If you've tried mindfulness before and it didn't stick, I'd bet good money the problem was expectations, not the practice. If you sat down hoping for instant peace and instead got a front-row seat to the chaos in your own head — congratulations. That was the practice working.

There's a beautiful irony for those of us in India. We don't need to import this. The knowledge has been here — in our languages, in our texts, in our family traditions — for longer than most civilisations have existed. What the Western scientific tradition added was rigorous, replicable evidence that these practices do what the ancient texts always claimed: they sharpen the mind, settle the emotions, and change how you relate to your own thoughts.

Start small. Five minutes. Breath. When your mind wanders, notice. Bring it back. No judgement. One rep. Then another.

Consistency matters more than duration. Five minutes daily will do more for you than a one-hour session on Sunday. And the effects compound quietly. You probably won't notice much after a week. After a month, you might catch yourself in moments of reactivity before they spiral. After a few months, other people might notice the change before you do.

Mindfulness isn't what most people think. It's not about feeling calm, or being spiritual, or escaping your thoughts. It's about training the most fundamental thing you have: your ability to pay attention.

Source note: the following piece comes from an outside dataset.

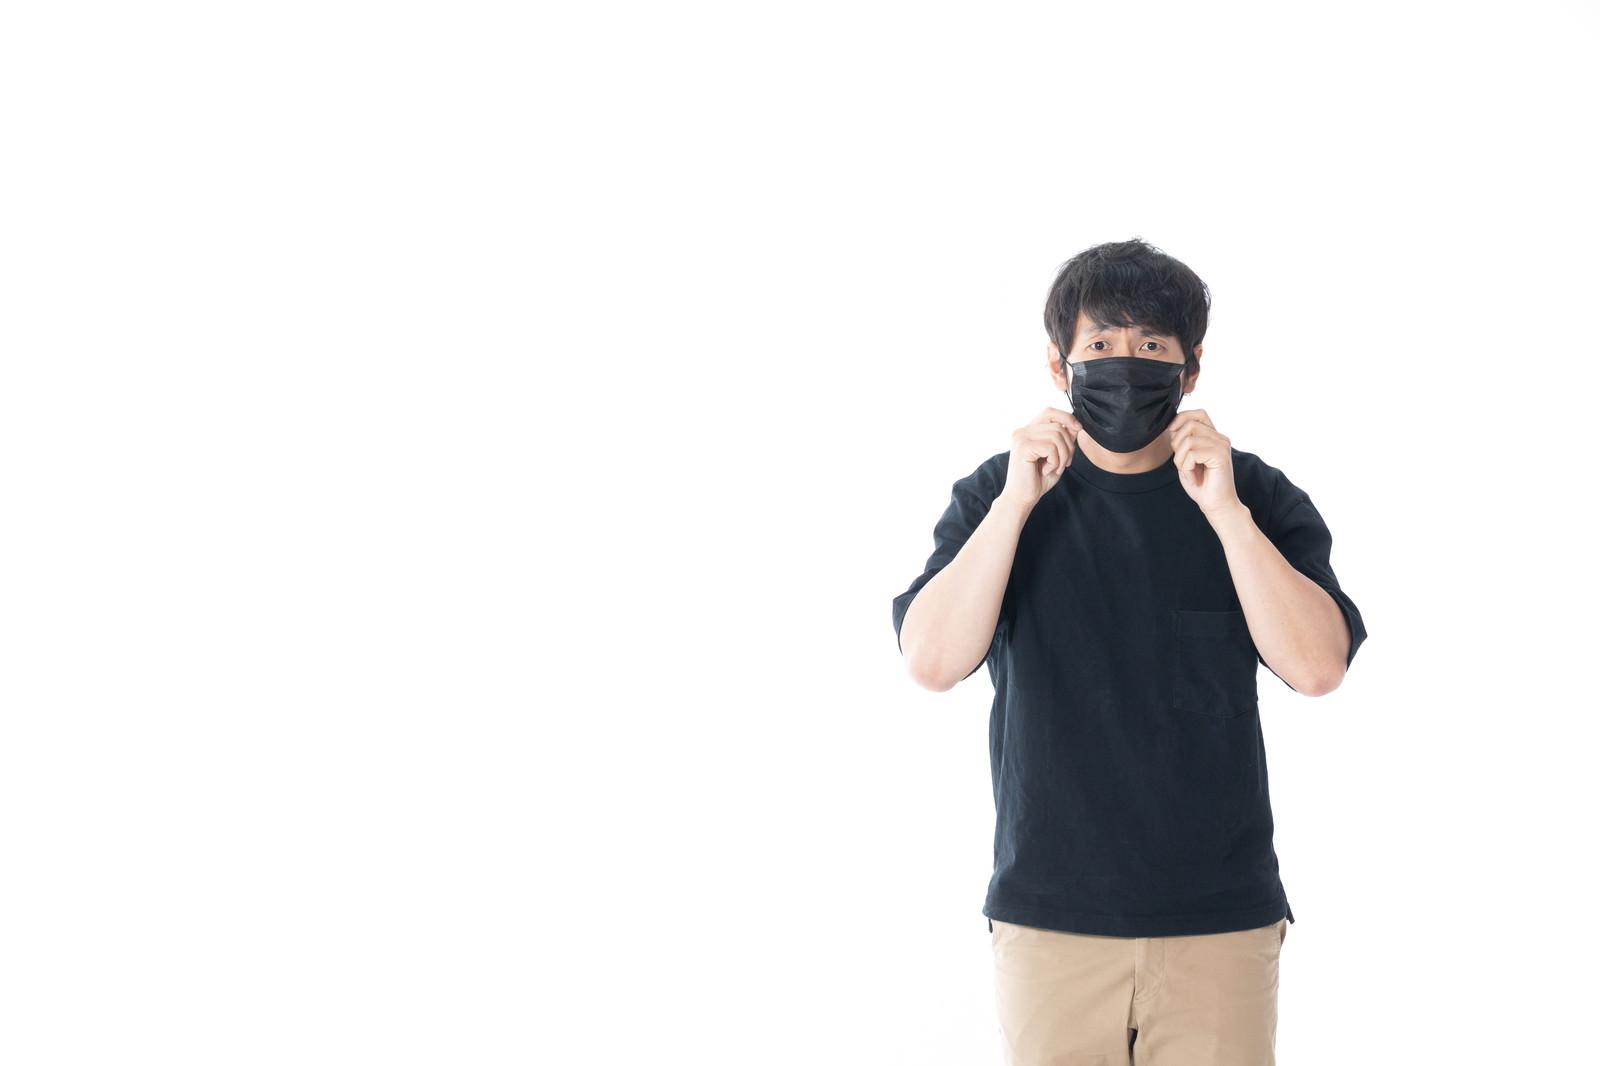 「黒マスク男子」[モデル:大川竜弥]

Simple. Backed by serious science. And it's been in our backyard this whole time.

References

Britton, W. B. (2019). Can mindfulness be too much of a good thing? The value of a middle way. Current Opinion in Psychology, 28, 159-165.

Creswell, J. D. (2017). Mindfulness interventions. Annual Review of Psychology, 68, 491-516.

Jha, A. P., Krompinger, J., & Baime, M. J. (2007). Mindfulness training modifies subsystems of attention. Cognitive, Affective, & Behavioral Neuroscience, 7(2), 109-119.

Kabat-Zinn, J. (1994). Wherever You Go, There You Are: Mindfulness Meditation in Everyday Life. Hyperion.

Kabat-Zinn, J. (2003). Mindfulness-based interventions in context: Past, present, and future. Clinical Psychology: Science and Practice, 10(2), 144-156.

Tang, Y. Y., Holzel, B. K., & Posner, M. I. (2015). The neuroscience of mindfulness meditation. Nature Reviews Neuroscience, 16(4), 213-225.